The new NAV represents a 2 percent drop from its previous valuation thanks to a number of factors, including a drop in near-term energy prices and a slight appreciation of the pound against the euro putting downward pressure on the valuation of some assets. Inflation forecasts also influenced the company’s valuation, since many of its contracts are linked to inflation and the company will receive less if inflation is lower.

Share price drop: But Midas is a long-time fan of the Octopus Renewables Investment Trust

Share fans are targeting a guaranteed rate of return on many of its assets, with 84 per cent of income fixed or contracted until March 2026, as well as a sizeable dividend, raised to a target of 6.02p for all year. There was also good news about the company’s Scottish wind farm in Lanarkshire, which has signed a 10-year deal with Sky to purchase its power since the NAV was calculated.

Working against this is Octopus’ relatively high debt pile, which is expensive to service, as well as the expectation that energy prices will fall and interest rates will stay high for longer.

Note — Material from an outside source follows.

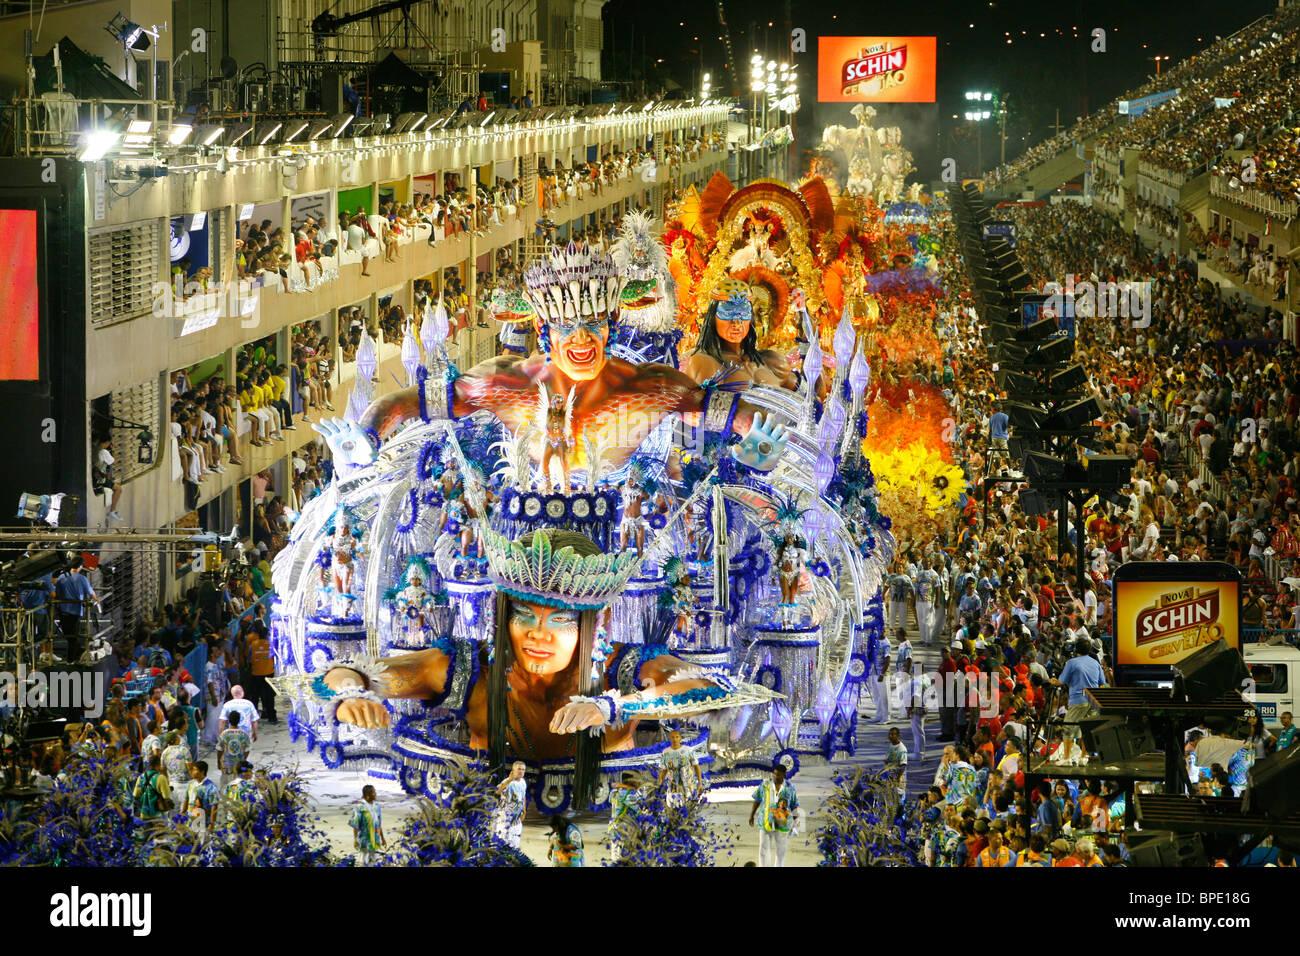 Carnival parade at the Sambodrome, Rio de Janeiro, Brazil. - Stock Image

For ORIT investors suffering losses, the main question is whether the discrepancy between the company’s valuation and its share price will be resolved in their favor and, if so, when?

There is no simple answer, but as interest rates fall, the dividend paid by ORIT, which yields more than eight percent based on its expected full-year 2024 payout, will become more attractive compared to interest rates. savings and the cost of debt. service will also decrease.

Midas Verdict: Renewable energy may not be as hot an investment as it was a few years ago, but the need for wind farms and solar power persists, while global volatility may cause energy prices to skyrocket again. At this level, the stock is worth holding on to, and the dividend ensures that you get paid to wait for better times.